The NAQO, Thuli Khumalo, is responsible to protect the environment by providing reasonable measures for the protection and enhancement of the quality of air in the Republic; the prevention of air pollution and ecological degradation; and securing ecologically sustainable development. She is also responsible to enhance the quality of ambient air for the sake of securing an environment that is not harmful to the health and well-being of people.
She allowed exemptions for seven coal-fired power stations: Arnot, Camden, Grootvlei, Hendrina, and Komati – all of which are scheduled to be decommissioned by or before 2030; plus two diesel-fired “peakers”: Acacia and Port Rex.
Together, these seven generating stations have the theoretical capacity to generate 8200 MW. However, since Eskom’s average energy availability factor is at 64%, we expect that it would be difficult to get more than 5000 MW – if that – from this set of stations.
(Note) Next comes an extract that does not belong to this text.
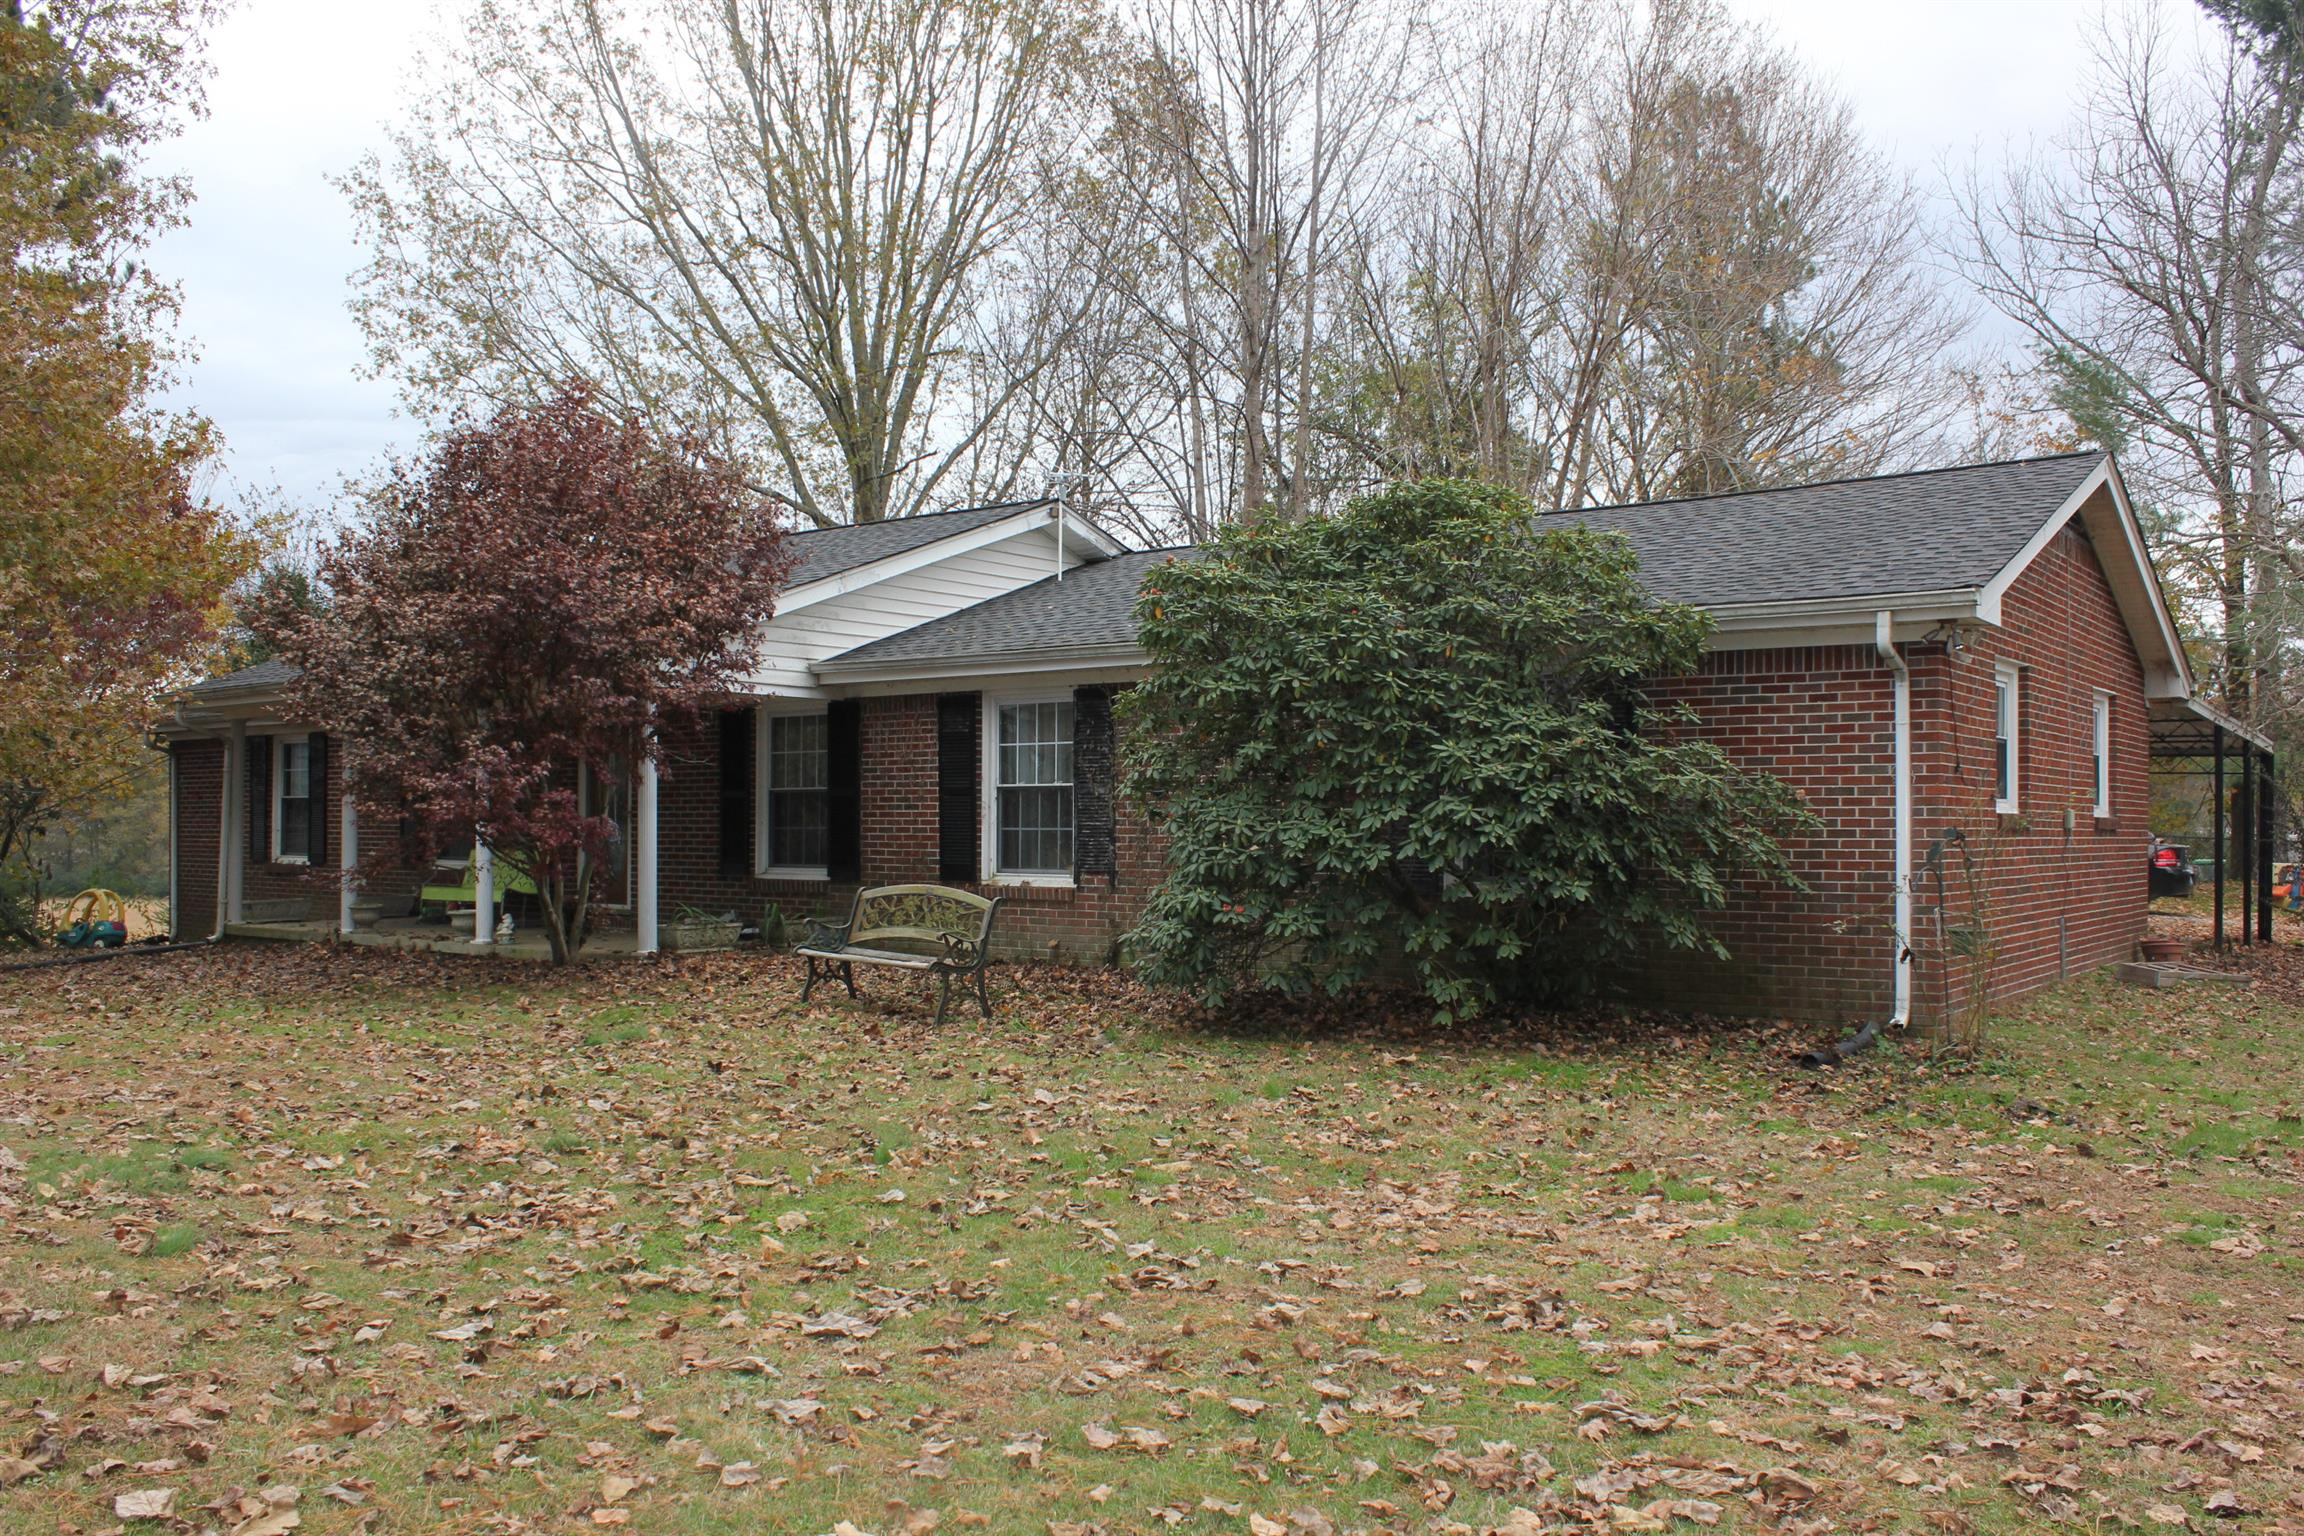 3599 Fuss Hollow Rd, Petersburg, TN 37144 - Petersburg, TN real estate listing

Eskom has 15 coal-fired power stations in its fleet. Thirteen of these are old, with an average age of 42 years, Eskom’s Oberholzer says. They were built at a time when environmental regulations were far more lenient, so no, or little, pollution-mitigating technology was installed during or after construction.
However, the Act was promulgated in 2004 – 17 years ago – which means that the power utility had the opportunity to install the necessary equipment over time. But the organisation’s various CEOs deferred those projects.
While it may be true that the seven stations the officer has refused exemptions to might not in fact add 16 000 MW to the grid, whatever they do currently add will most certainly be lost.
According to Oberholzer, the average utilisation factor for Eskom’s power stations is at 90%. The globally accepted standard or norm is 75%. This means that those power stations are already under extreme pressure to meet demand.
The loss of whatever power the above-mentioned five stations currently supply, would put extra pressure on the remaining ten coal-fired stations which can legally operate. That extra pressure will most likely result in additional breakdowns and trips, making Eskom’s electricity supply even more unreliable and unpredictable than it already is.
This could lead to high stages of load shedding (or load rotation), more frequently, as the utility tries to share the little it can produce with as many communities as possible. Should it be unable to do so, and should a sufficient number of units trip at the same time, we could lose the grid completely.
What will Government do?
Eskom says, however, that it cannot accept the NAQO’s decision and will seek political support for its applications.
Should it do so, it will place the government in a difficult position. On the one hand, the cost of load shedding on the economy, which was estimated by the CSIR in 2019 at being between R60-billion and R120-billion, is unsustainable and would lead to economic regression and a dangerous increase in unemployment.
On the other hand, the government recently updated its Paris Agreement commitment with a pledge to reduce emissions ten years earlier than previously stated. Perhaps it was that pledge which motivated certain countries present at COP26 in Glasgow last month to offer a R131-billion package to assist Eskom’s transition away from coal to clean technologies.
If so, one wonders how those countries would respond if the government were to overrule the NAQO’s decision and allow Eskom to continue emitting deadly emissions and particulates into the atmosphere.